There are more models of electric cars available on the market from more manufacturers than ever before–and car design is the most radical it’s been in decades. So what’s the holdup?

The real reason you probably won’t buy an electric car this year

The Honda E [Photo: Honda]

BY Mark Wilson9 minute read

After decades of will-they-won’t-they, electric cars finally seem to be having their moment. Beyond the ever-growing lineup from Tesla–which is expected to launch a sub-$40,000 electric SUV this week–Hyundai, Kia, and Audi have all committed to releasing new electric vehicles this year.

At the recent Geneva auto show, the announcements kept coming. Honda showed off an urban two-door called the Honda E, coming to Europe this year. Fiat teased a car concept with replaceable panels that you can swap on and off as easily as changing your clothes. Volkswagen debuted the ID Buggy–a conceptual dune buggy, with no roof, that can go 0 to 60 miles an hour in seven seconds.
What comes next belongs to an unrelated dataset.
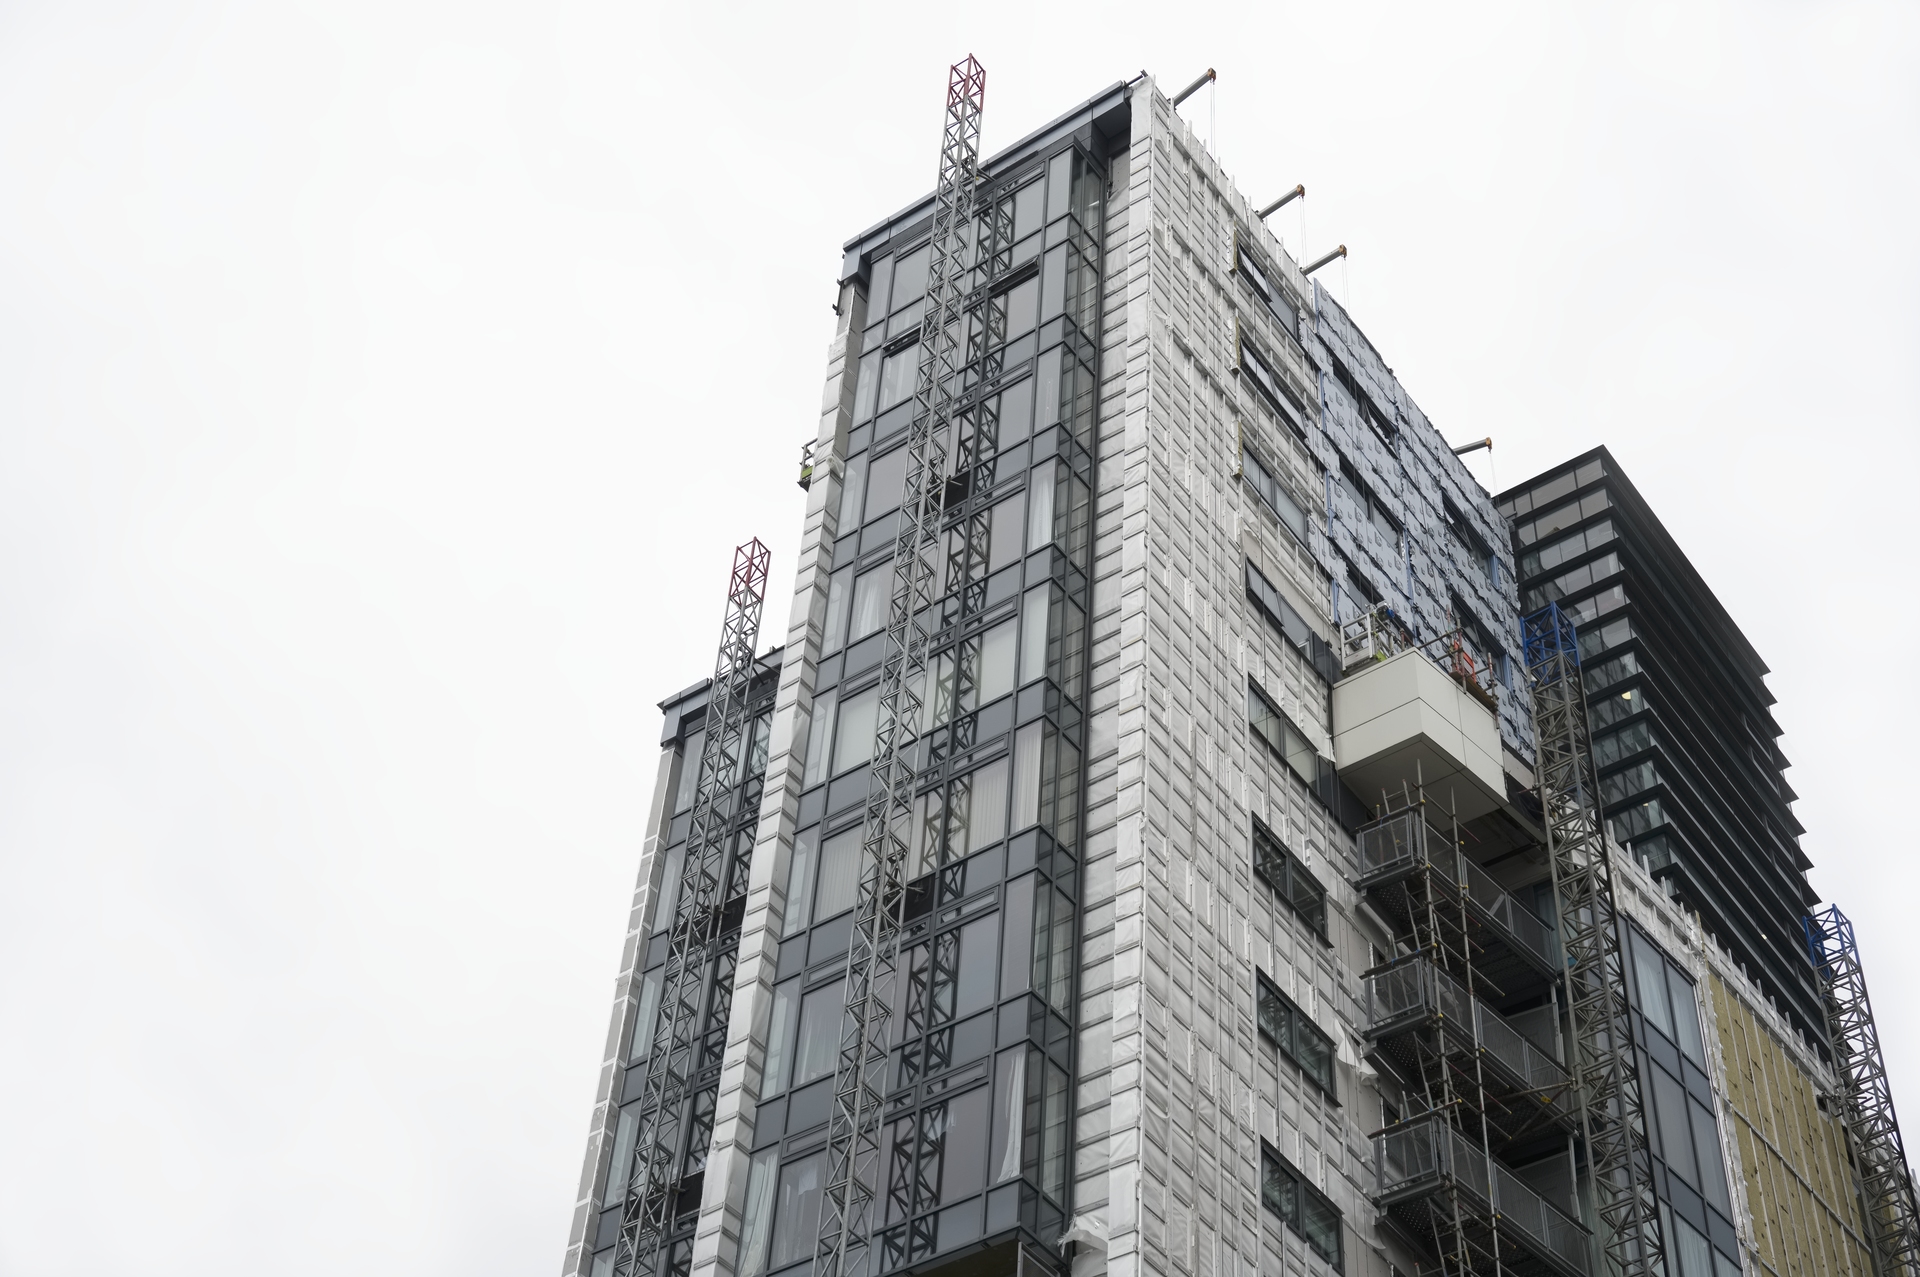 High rise residential building of flats with cladding being replaced with fire resistant materials.

In theory! But fun!

There are more models of electric cars available on the market from more manufacturers than ever before–and car design is the most radical it’s been in decades. At last, the leap to electrification feels inevitable. But that doesn’t mean the work is done. Electric cars still face a slew of challenges, ranging from their design, to their perception, to their production. I spoke to Chelsea Sexton–a consultant and EV advocate who worked at GM during its self-destructed electric car push in the late ’90s–about why the electric spike may be a bit further off than we think.

Volkswagen’s concept ID Buggy [Photo: Volkswagen]

First, the good news

By all means, electric vehicles are making huge strides, for all sorts of reasons. Most of all, the cars are just better than they used to be.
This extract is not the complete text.